Hawker's Poor Man's CommentaryPoor Man's Commentary

Verse 1


This Chapter, like the former, is full of threatenings to the people to whom it refers, on account of their ill-will to Israel. It is but short, but it contains heavy tidings.

Isaiah 18:1

Though the name of the nation against whom woe is here denounced, is not mentioned; yet, by being said to be beyond the rivers of Ethiopia, it is easy to discover, that it is a nation which had proved perfidious to Israel. The Lord taketh up, and avengeth the quarrel of his people; whoso toucheth them, toucheth the apple of his eye; Zechariah 2:8 .

Verse 2

Here is the threat of this enemy. Taking advantage of Israel's humblings, he cometh on when Israel is cast down. Let the Reader spiritualize the passage to himself and his own circumstances, and he will find it profitable. If the world, or the great enemy of souls, come on to distress the souls of God's people, when the Lord is chastening them; the Lord seeth, and will avenge their quarrel. Though the Lord correct, yet they shall not; and though he brings down, he will bring up, and they shall not hinder. It is blessed to see this, and to know it! W hat a very sweet scripture, in a way of expostulation, is that in the prophecy of Obadiah against Edom, on this very account. I pray the Reader to look at it: Obadiah 1:8 to the end.

Verses 3-6

Here the Lord soundeth an alarm to, all the enemies of his Church; and they are admonished to attend to the sound of the trumpet, that then the Lord goeth forth for the salvation of his people, even for salvation with his Anointed. Every eye shall see, and all faces shall gather blackness, when the Lord turneth back the captivity of his people. And observe how striking is the prophet's expression: for so the Lord said unto me. Christ is the rest, in which Jehovah resteth, and is well pleased: and therefore in him, and his great salvation, Israel's deliverance and security is found. And hence, when the Lord swore in his wrath, that the unbelievers should not enter into his rest, it referred to their rejection of Christ; Hebrews 4:1 , to the end.

Verse 7

I do not presume to say as much, but I am inclined to think, that what is said in this verse, is meant to shadow forth the glorious revenue of everlasting praise, which poor sinners, of every description and character, shall offer, when brought to the Lord, in a way of grace and salvation. They are here spoken of as scattered and peeled. And who more so than souls brought under conviction, until brought into a state of salvation in Jesus? And as the subject of woe in this chapter is to the land beyond the rivers of Ethiopia, why may we not suppose the song of praise, and the present brought unto the Lord, may be from the same land concerning whom the Psalmist says, she shall soon stretch out her hands unto God? Psalms 68:31 . It is blessed to trace the most distant shades of whatever refers to the glorious salvation by Christ.
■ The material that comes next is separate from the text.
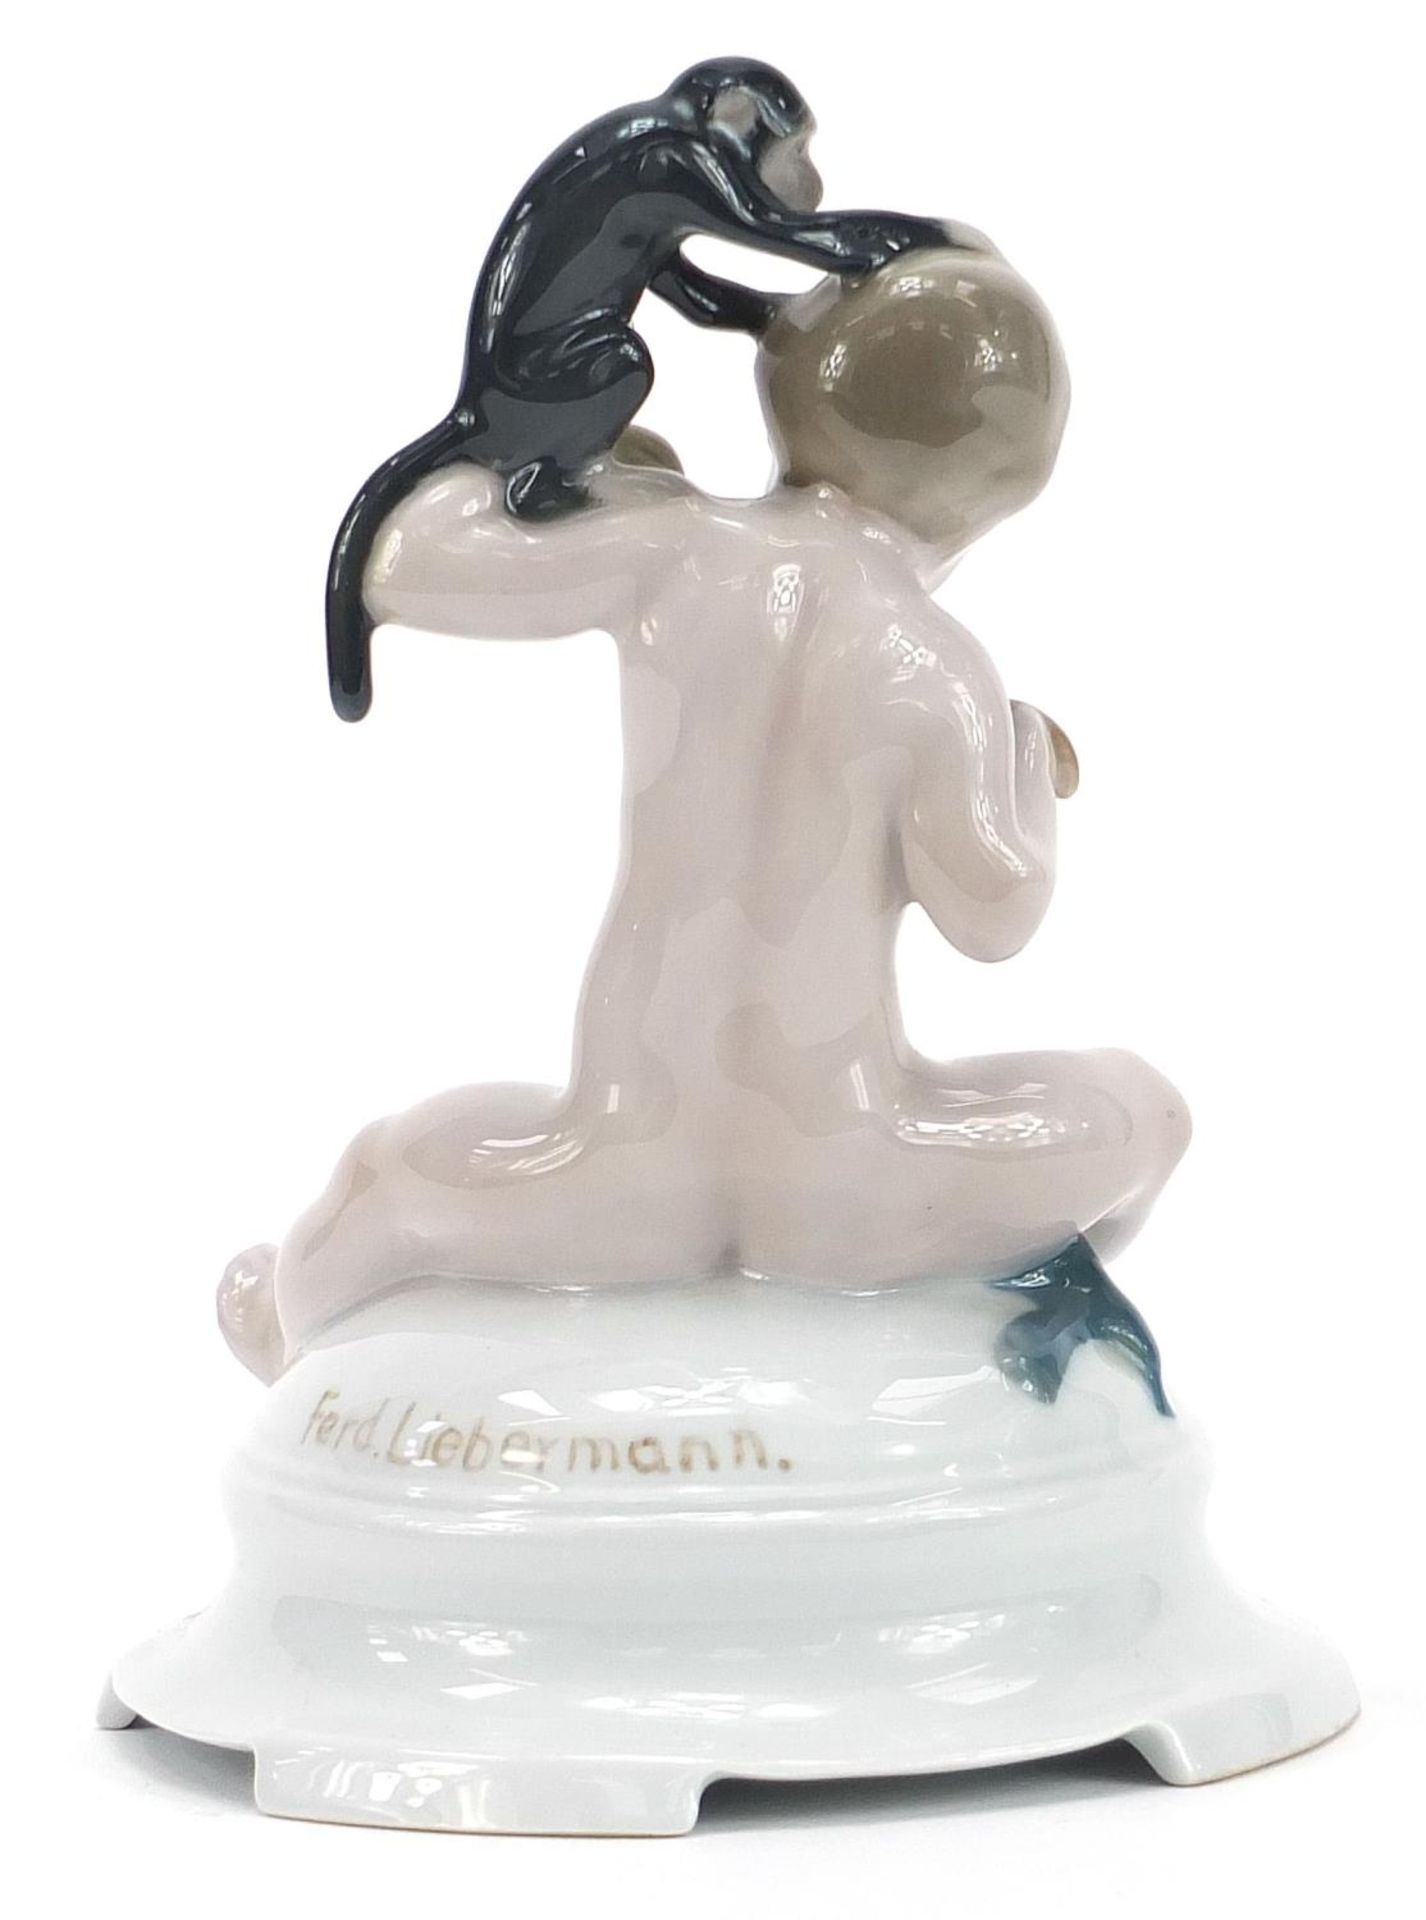 Ferdinand Liebermann for Rosenthal, porcelain figure of a young boy feeding a monkey, 17cm high :For - Image 2 of 5

WHEN we consider the extensive nature of sin, and behold the universal reign of it in every nation, over every clime, and among all people; how full of relief is the thought that His empire, by whom sin is destroyed, is said as finally and fully to be from sea even to sea; and from the river even to the ends of the earth! And what but God's grace can overcome and subdue man's corruptions by nature! what shall stop the hatred of the heart against the love of God, but God's love in subduing that enmity? If, therefore, we behold the land shadowing with wings beyond the river, coming forth with wrath against the Lord's people; and if we behold the Lord going forth with whirlwinds of the south, to blow the trumpet of the everlasting gospel, why should it be thought incredible that the weapons of sin should fall from the hands of the mighty, and the proud heart be brought to bend to the sceptre of divine grace?

Reader, mark what the Lord said unto the prophet, and let our souls seek to our rest as the Lord did unto his. Precious Lord Jesus, thou art the rest wherewith the Lord will cause the weary to rest, and thou art the refreshing. Here may we behold souls fly as clouds, and as doves to their windows! Here may the kings of Tarshish, and of the isles, bring presents: the kings of Sheba and Seba offer gifts. Yea, blessed Jesus, here may all kings fall down before thee, and all nations do thee service! Amen.